Network Architecture Requirements¶

Your deployment must use:

OVN as the Neutron backend (ML2/OVN)
HA chassis groups for gateway routers
Network nodes with bridge-mappings to physical networks
VLAN-capable physical switches connecting network nodes

Service Dependencies¶

The ironic-neutron-agent requires:

Connectivity to Neutron API
Connectivity to OVN Northbound database
Connectivity to OVN Southbound database
(Optional) Connectivity to Ironic API for enhanced switch information

Configuration¶

Enabling Trunk Reconciliation¶

Edit /etc/neutron/neutron.conf (or a separate config file in /etc/neutron/neutron.conf.d/) and add the [l2vni] section:

[l2vni]
# Enable L2VNI trunk reconciliation
enable_l2vni_trunk_reconciliation = True

# Enable event-driven L2VNI trunk reconciliation
enable_l2vni_trunk_reconciliation_events = True

# Baseline reconciliation interval (seconds)
l2vni_reconciliation_interval = 300

# Network node configuration file (fallback for switch info)
l2vni_network_nodes_config = /etc/neutron/l2vni_network_nodes.yaml

# Auto-create infrastructure networks
l2vni_auto_create_networks = True

# Subport anchor network name
l2vni_subport_anchor_network = l2vni-subport-anchor

# Network type for infrastructure networks (geneve or vxlan)
l2vni_subport_anchor_network_type = geneve

# Startup jitter to prevent thundering herd (seconds)
l2vni_startup_jitter_max = 60

# Ironic caching (if using Ironic for switch info)
ironic_cache_ttl = 3600

Configuration Options Reference¶

enable_l2vni_trunk_reconciliation

Type: Boolean

Default: True

Description: Enable periodic L2VNI trunk port reconciliation. When enabled, the agent runs reconciliation at regular intervals (l2vni_reconciliation_interval) to ensure eventual consistency.

This can be used independently or together with event-driven reconciliation. For production deployments, keeping this enabled is recommended as a safety net to catch missed events and handle agent restarts.

Set this to False to disable periodic reconciliation.
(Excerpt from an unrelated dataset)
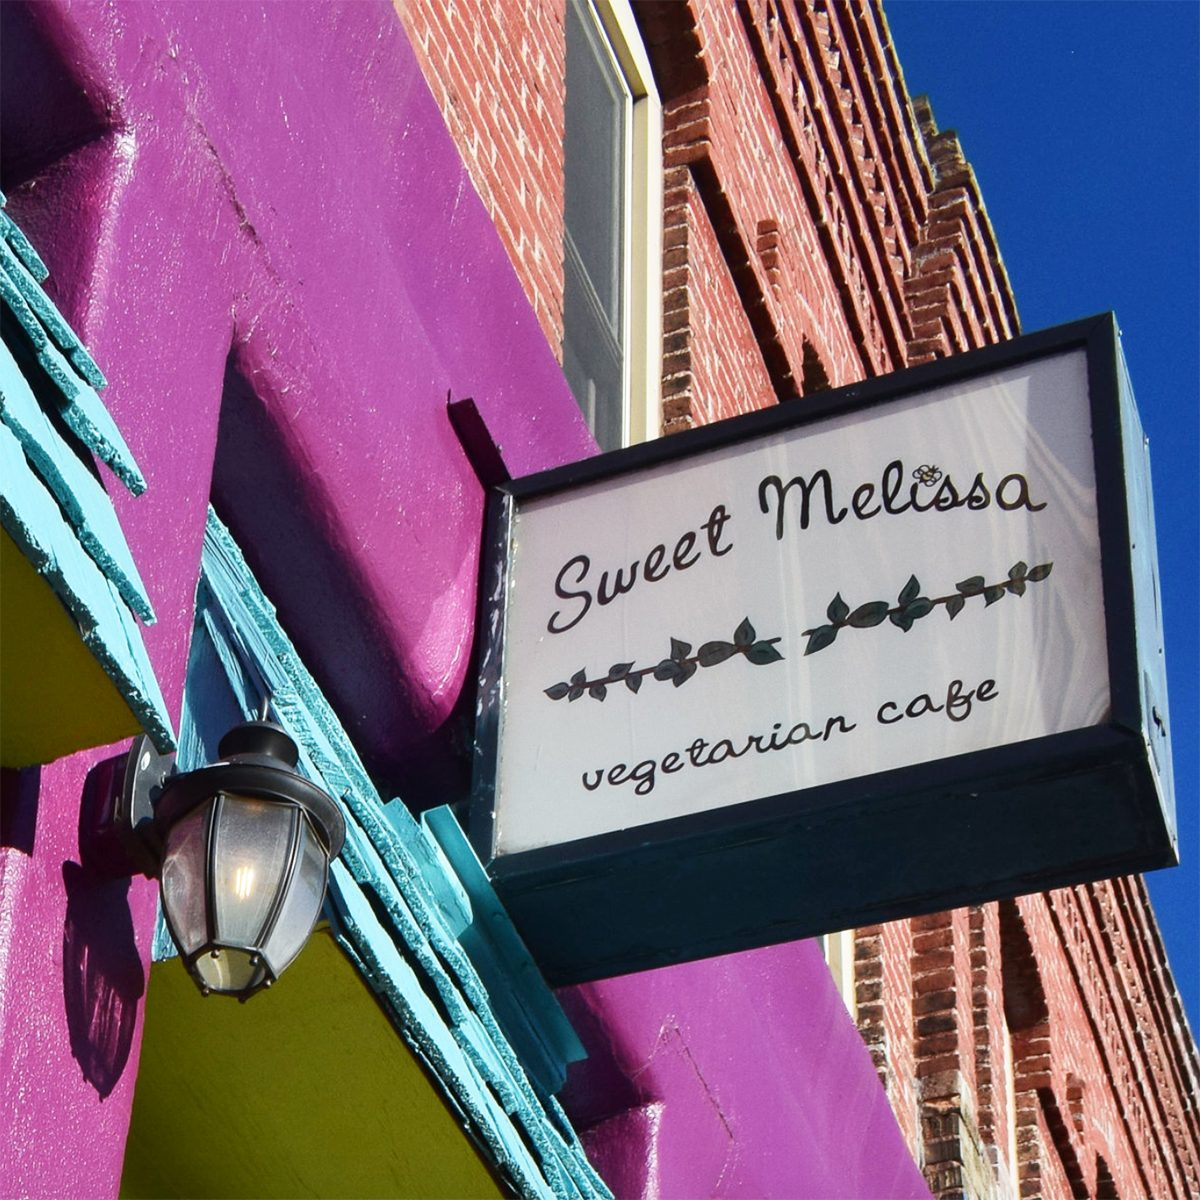 Best vegetarian restaurant in Wyoming Sweet Melissa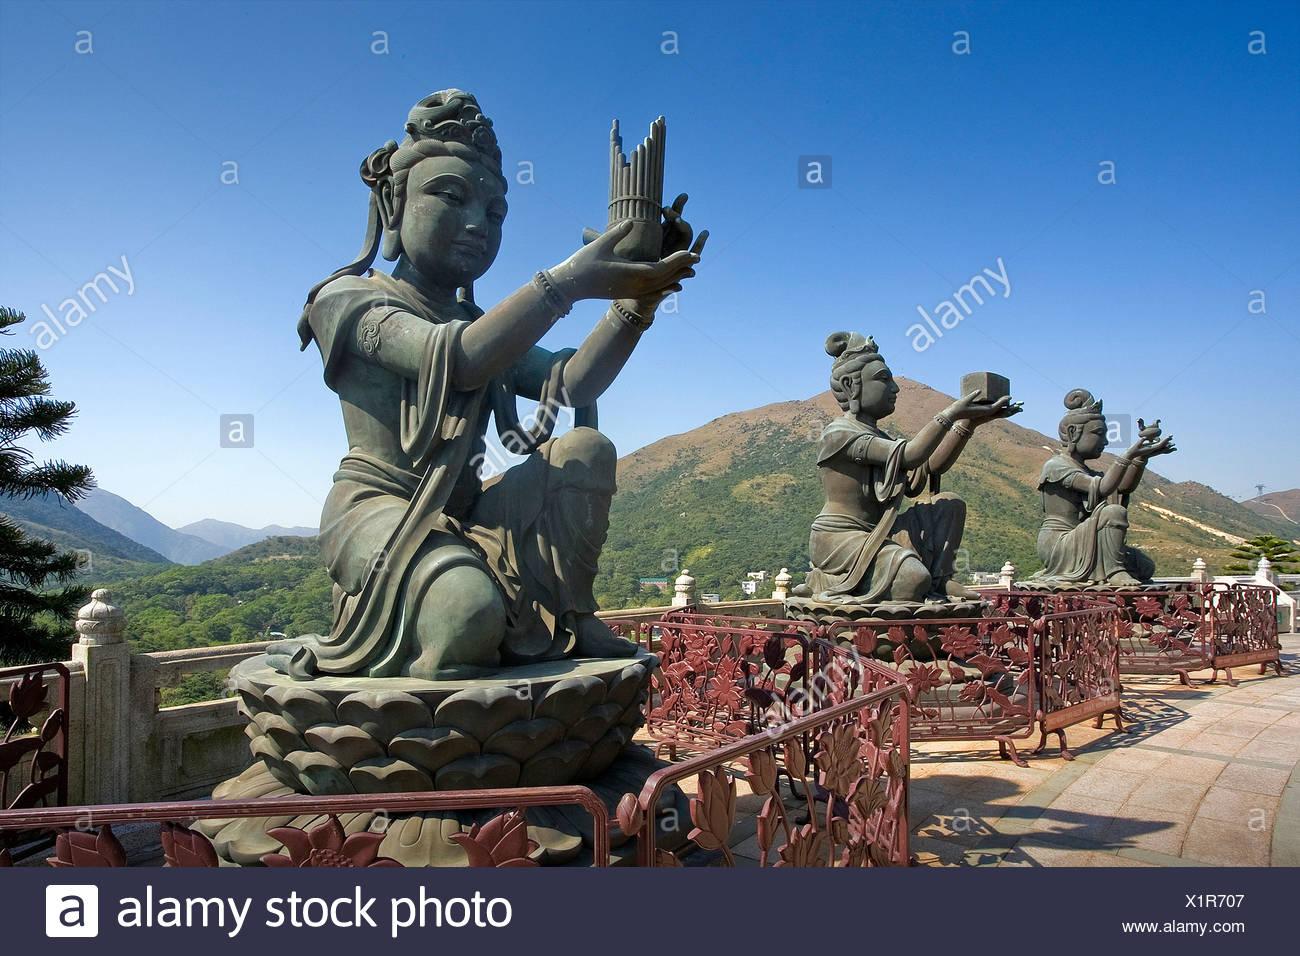 Hong Kong Hongkong Asia Lantau Iceland sculptures figures religion culture Stock Photo

Event-driven reconciliation (if enabled) will still work, but there will be no periodic safety net.

enable_l2vni_trunk_reconciliation_events

Type: Boolean

Default: True

Description: Enable OVN RowEvent-based event-driven L2VNI trunk reconciliation. When enabled, the agent watches OVN Northbound database for localnet port creation and deletion events and triggers immediate reconciliation. This eliminates the stale IDL cache issue and provides fast reconciliation response.

This can be used independently or together with periodic reconciliation. For production deployments, using both event-driven and periodic reconciliation is recommended. Event-driven provides immediate response, while periodic ensures eventual consistency.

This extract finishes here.